Speaking on the sidelines of the recently concluded 3rd Language Association of Eastern Africa conference, Mr Boaz Mutungi, a lecturer in the Department of African Languages and the coordinator of Kiswahili Subject, at Makerere University, said many Ugandans are limited to using only two languages.

  This, he said, hinders their capacity to interact with diverse individuals, conduct business, and secure employment opportunities within and outside the country.

The conference was held under the theme: “Empowering communities through language research and teaching for sustainable development” .

“Uganda through its tri-lingual policy aims at achieving a population where every individual can linguistically speak three languages, the mother tongue at the local level, regional level using languages like Kiswahili so that they can communicate across the borders and any other international language, be it French or English. Three is the minimum but whenever you learn more languages, you will be at an advantage, ”Mr Mutungi said.

Prof Edith  Natukunda Togboa, the head of the School of Languages, Literature, and Communication Department, College of  Humanities and  Social Sciences (CHUSS), said the curriculum for local languages must be promoted right from the primary level, adding that these children are expressive, curious and can read content directly without translation.

Prof Natukunda said the School of Languages was in the process of introducing more local languages.

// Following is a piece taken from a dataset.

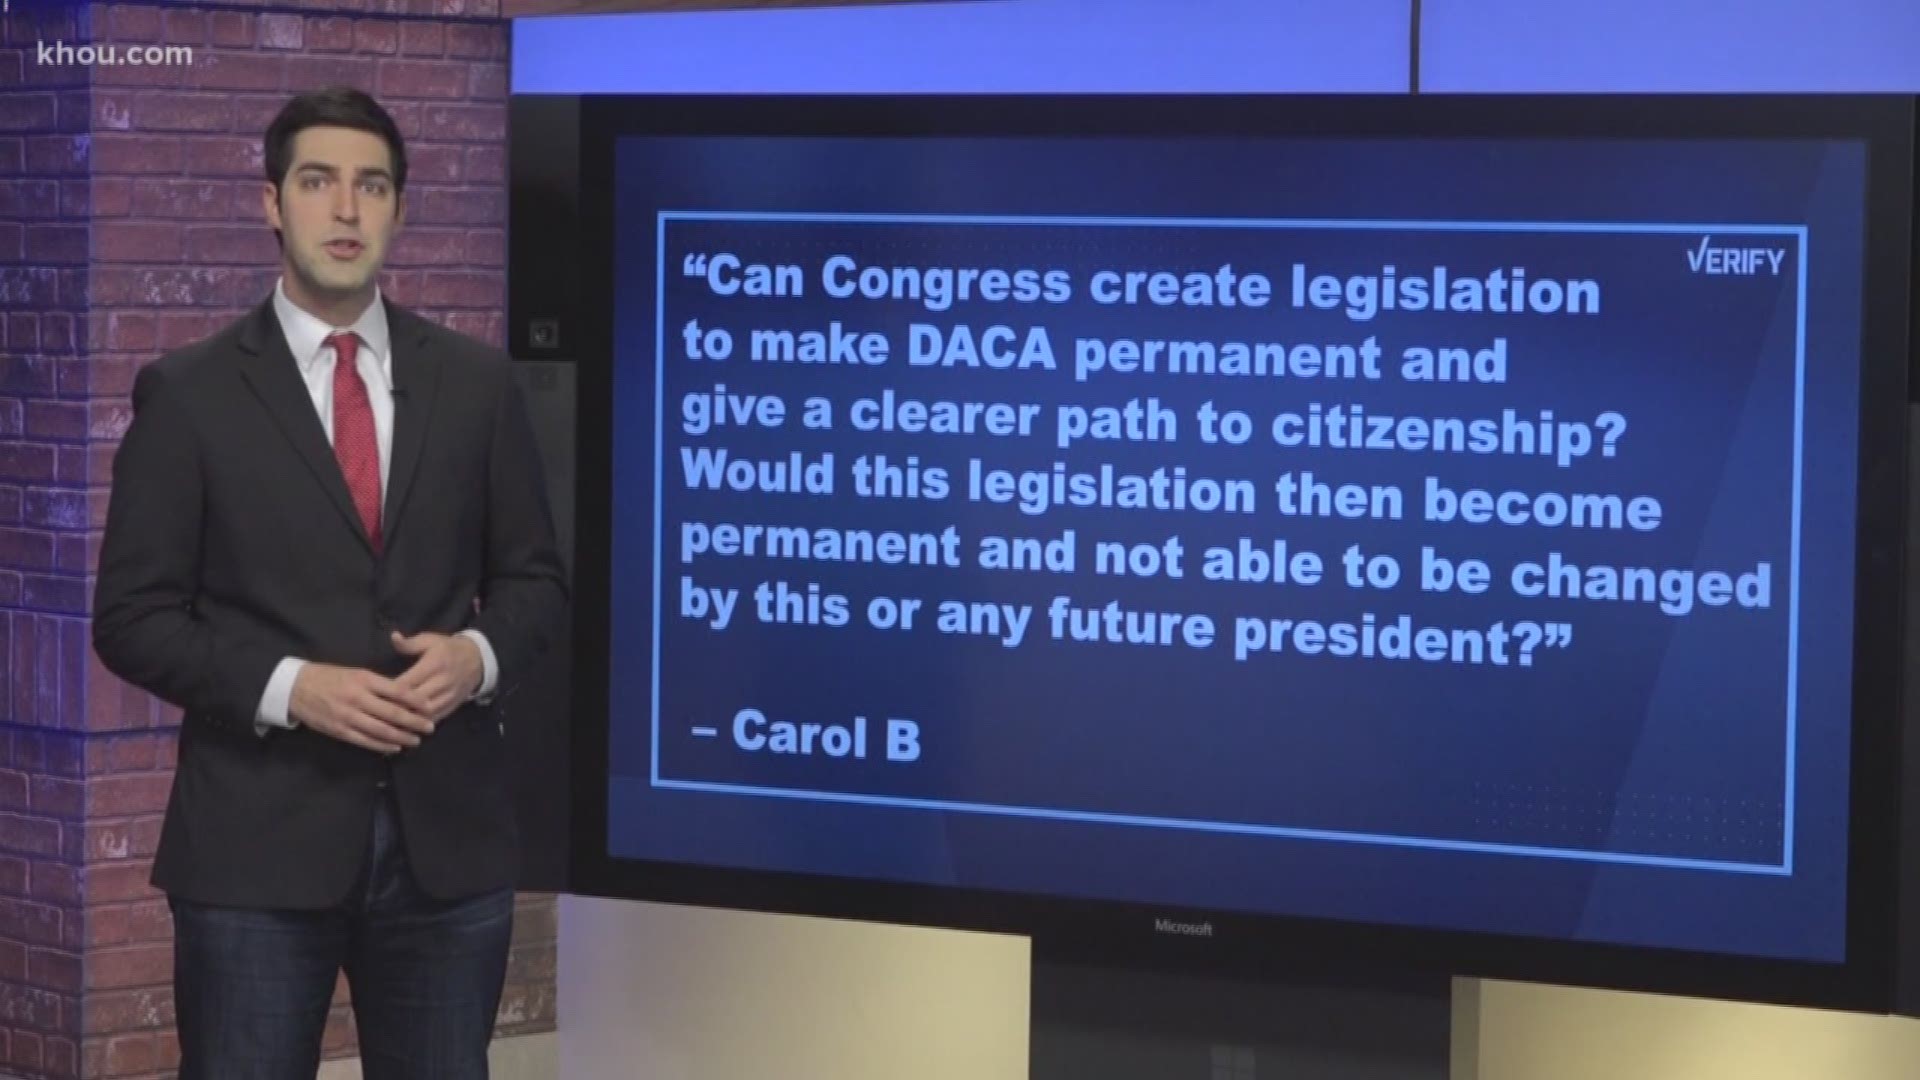 A viewer sent in a question about the future of DACA after President Trump offered to restore protections for children brought to the U.S. illegally.

“We are already teaching Luo, Luganda, Swahili, and Runyakitara,  but we are also proposing to introduce  Lusoga, Lumasaba, Lugbara, and Ateso. We have already drafted the curriculum and we shall be able to introduce them as soon as possible,” she said.

She added that although the government had put in place good education policies, implementation has been poor.

Ms Susan Nyanga –Azuruni, the Literacy and Education Consultant at SIL Africa Kenya, said Africans must have a positive attitude toward learning local and regional languages.

Ms Nyanga Zuruni said although Kiswahili has been around for decades, very few Africans have bothered to learn it.

Mr Emmanuel Furaha, a lecturer at Moi University, Kenya, said it is important to promote African languages as a unifying factor that will check regional conflicts.

“If we have a common language for Africans or East Africans, it will be easy for people to communicate, and change their attitudes towards each other.  We know for a fact that people categorise others. They say this is a Ugandan, this is a Kenyan, but language will unify us,” Mr Furaha said.